Why do they all have hair like that?
Metro - couldn't be farther from the truth. Fannie and Freddie are the big subprime bagholders.
http://tinyurl.com/qp79k
Subprime exposure
Fannie has traditionally specialized in higher-quality, fixed-rate mortgages, which are less vulnerable to interest-rate fluctuations and volatility in the housing market.
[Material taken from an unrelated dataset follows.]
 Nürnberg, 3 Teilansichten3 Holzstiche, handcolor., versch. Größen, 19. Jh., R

But the company has been investing more in subprime MBS in recent years. Subprime loans are sold to home buyers who fail to meet the strictest lending standards, so this area of the mortgage market is expected to be hit harder by any housing downturn.
Fannie and Freddie bought 25.2% of the record $272.81 billion in subprime MBS sold in the first half of 2006, according to Inside Mortgage Finance Publications, a Bethesda, Md.-based publisher that covers the home loan industry.
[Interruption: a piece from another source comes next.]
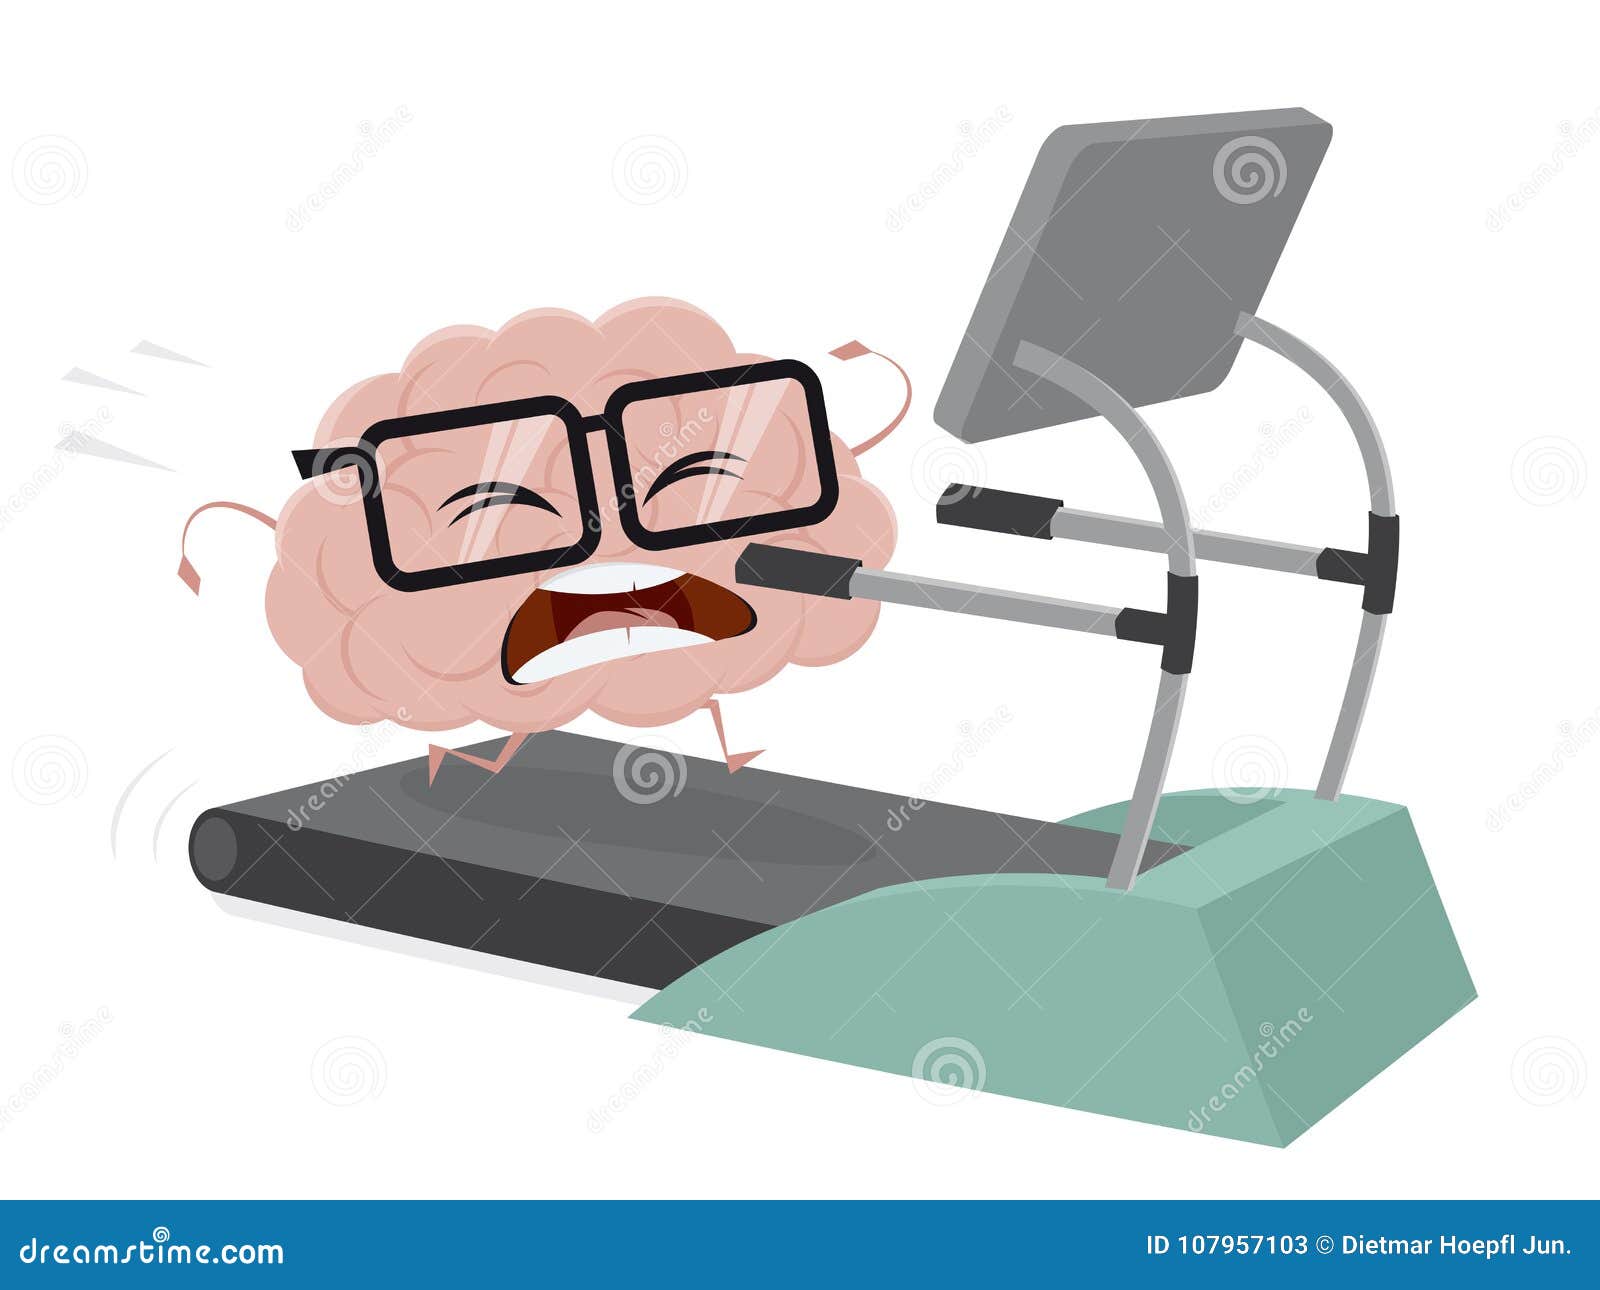 Funny Brain Training on a Treadmill Stock Vector - Illustration of health,  creative: 107957103

In 2005, Fannie and Freddie purchased 35.3% of all subprime MBS, the publication estimated. The year before, the two purchased almost 44% of all subprime MBS sold.
Three big lenders, NovaStar Financial, Deutsche Bank and BNC Mortgage, part of Lehman Brothers, sold more than half of their subprime MBS to Fannie and Freddie this year, said Andrew Analore, editor at Inside Mortgage Finance.
And Freddie Mac is reclassifying delinquencies like mad (Footnote #12) so they don't have to count them in their statements. Simply, if they reach a new payment plan for the debtor, they're out of the delinquency pool. Nevermind whether or not they actually turn things around.
So, in how many other places is the same thing going on??????????
Keith,
Thanks for the 18Sep06 MarketWatch link about Fannie's subprime exposure. I've just popped it on our sidebar.
They have hair like that because it is the official helmut of Washington DC. If you don't wear a helmut, you're not allowed on the field.
I heard a good one over the Superbowl weekend in Miami: guess who's buying up all the condo towers that are due for CO's in the second and third quarter this year--whose buyers are speculators and will never close? Hedge funds.
Fasten your seat belts, ladies and gentlemen.
Metro - couldn't be farther from the truth. Fannie and Freddie are the big subprime bagholders.
++++++++++
So now we know why Fannie and Freddie can't seem to get their financial accounts in order. They are BANKRUPT and the government has buried the news to save consumer confidence and, thus, the economy.
Fannie and Freddie are the oversite for home lending especially for the low income borrower. They package subprime loans and sell them on the open market. Problem is they don't have a clue which ones are bad and where the documentation can be found. They also set the loan limit for conforming and jumbo loans.
This is as bad as it gets for housing. Noone is minding the store!!!
The hair bothers me....problem is mine looks like that!
But I'm not trying to fleece the world!!!!
He looks like he just smelled his sh*t and found out it wasn't made of marble!
Question - What happens when the government tries to solve problems?